El Padre viviente siente lo que nosotros sentimos porque nacimos de su corazón, de sus entrañas; pues, con dolor nos ha llevado a Él, nos compró con dolor, a precio de sangre. El Padre siente el dolor, el rechazo, la traición. (ref. 1 Corintios 6:20; Efesios 2:13; 1 Pedro 1:18-20).
Sintió lo que su amantísimo Hijo tenía en su corazón en aquellas horas de angustia en el Getsemaní, en esas horas muy duras al cargar la cruz hacia el Calvario; en los golpes, en los insultos, en el rechazo. Sintió dolor al verle clavado en es horrenda cruz. Pero, en verdad, lo que nosotros pasamos o sentimos es poco, muy poco. El Señor Jesús pagó el precio más grande, el dolor más fuerte Él lo llevó consigo a fin de que nosotros transportemos una carga menor, no suframos tanto (Isaías 53: 3-8)
Enseñanzas:
- Si aun los padres decimos: queremos dejar algo a los hijos para que ellos no pasen, no sientan lo que pasamos o sentimos nosotros. Pobreza, severas limitaciones, incomodidades serias, carencia de salud, de estudios, de un trabajo decoroso. Y, en verdad, el Hijo de Dios, Jesús el Señor atravesó lo más fuerte y degradante porque Él no quería que sus hijos pasemos por lo que tuvo que pasar.
- Duele la traición, duele el rechazo, duele la indiferencia, duele el odio. Mas, ahí aprendemos a morir para que Él viva, para que Él se levante en nosotros. No quiere ver la carne que nos invada y se levante en resentimiento, en molestia, en enojo. (1 Corintios 15:31, Gálatas 2:20)
- Si alguien quiere ver la gloria del Señor, debemos mirar el ejemplo del mártir Esteban relatado en Hechos 7:54-60. En el apedreamiento a que fue sometido, sufría terribles dolores; empero, su corazón estaba inclinado hacia Dios, mientras invocaba y decía: Señor Jesús, recibe mi espíritu. Y puesto de rodillas, clamó a gran voz: Señor, no les tomes en cuenta este pecado. Luego, durmió.
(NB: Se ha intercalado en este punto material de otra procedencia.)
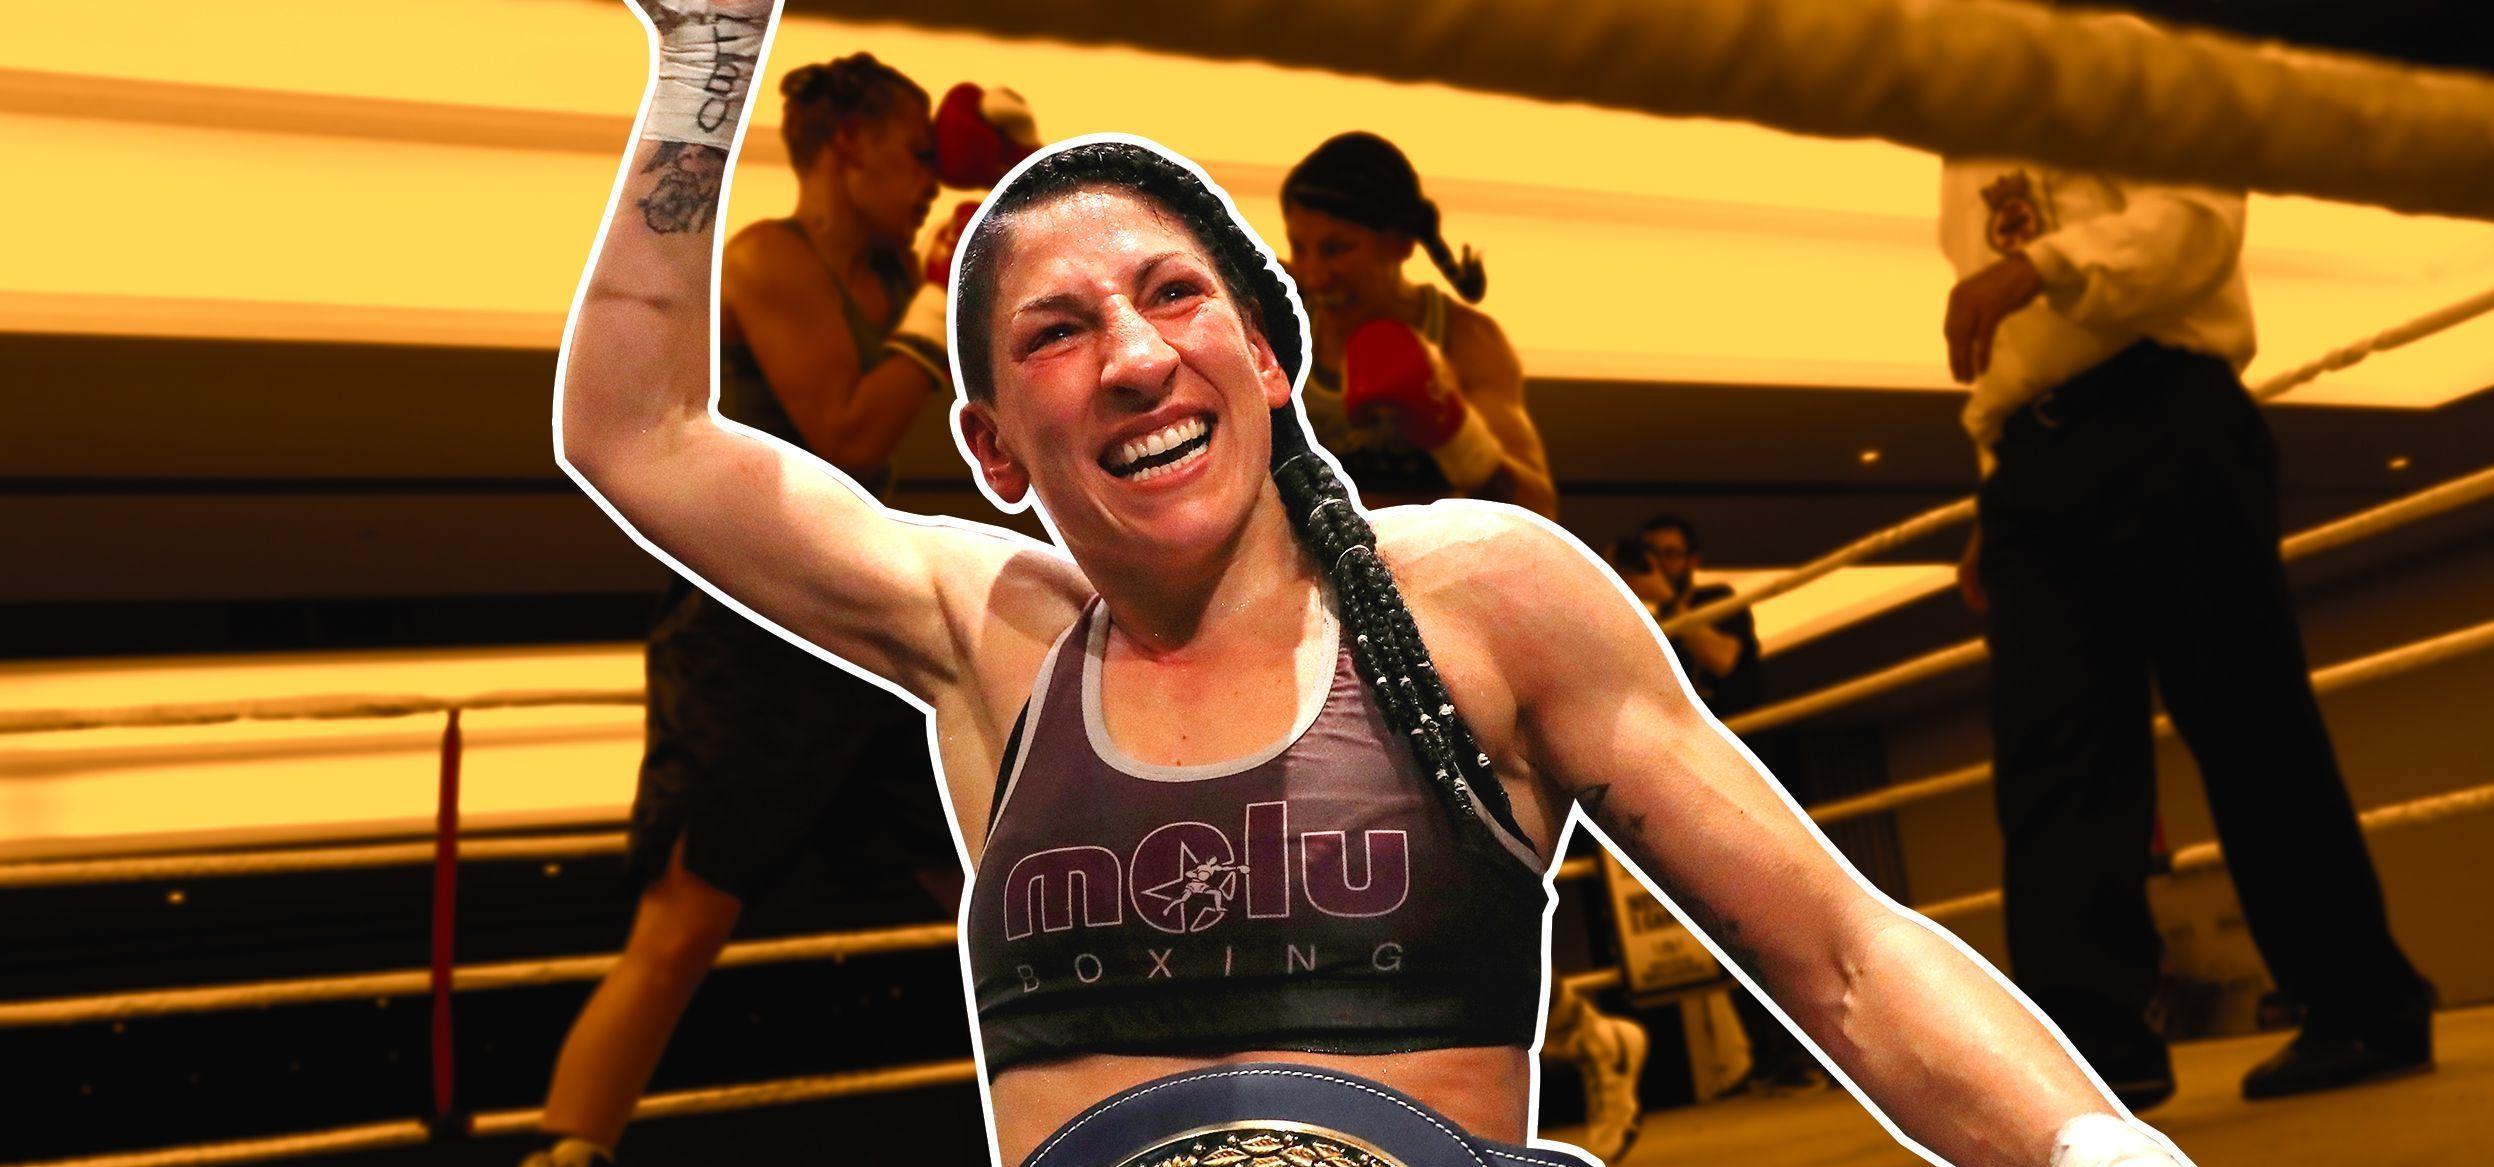 Miriam Gutierrez Boxer

- Clamó al Padre, a su Señor, pidió perdón y pudo mirar más allá de lo que los demás miraban. Cielos abiertos para él. Un hombre que aun vivo físicamente estaba muerto a su carne. Por ello pudo resistir a los golpes, las pedradas, sin ira, sin enojo, tan solo con la paz del Señor por cuanto había alcanzado la estatura de Jesús.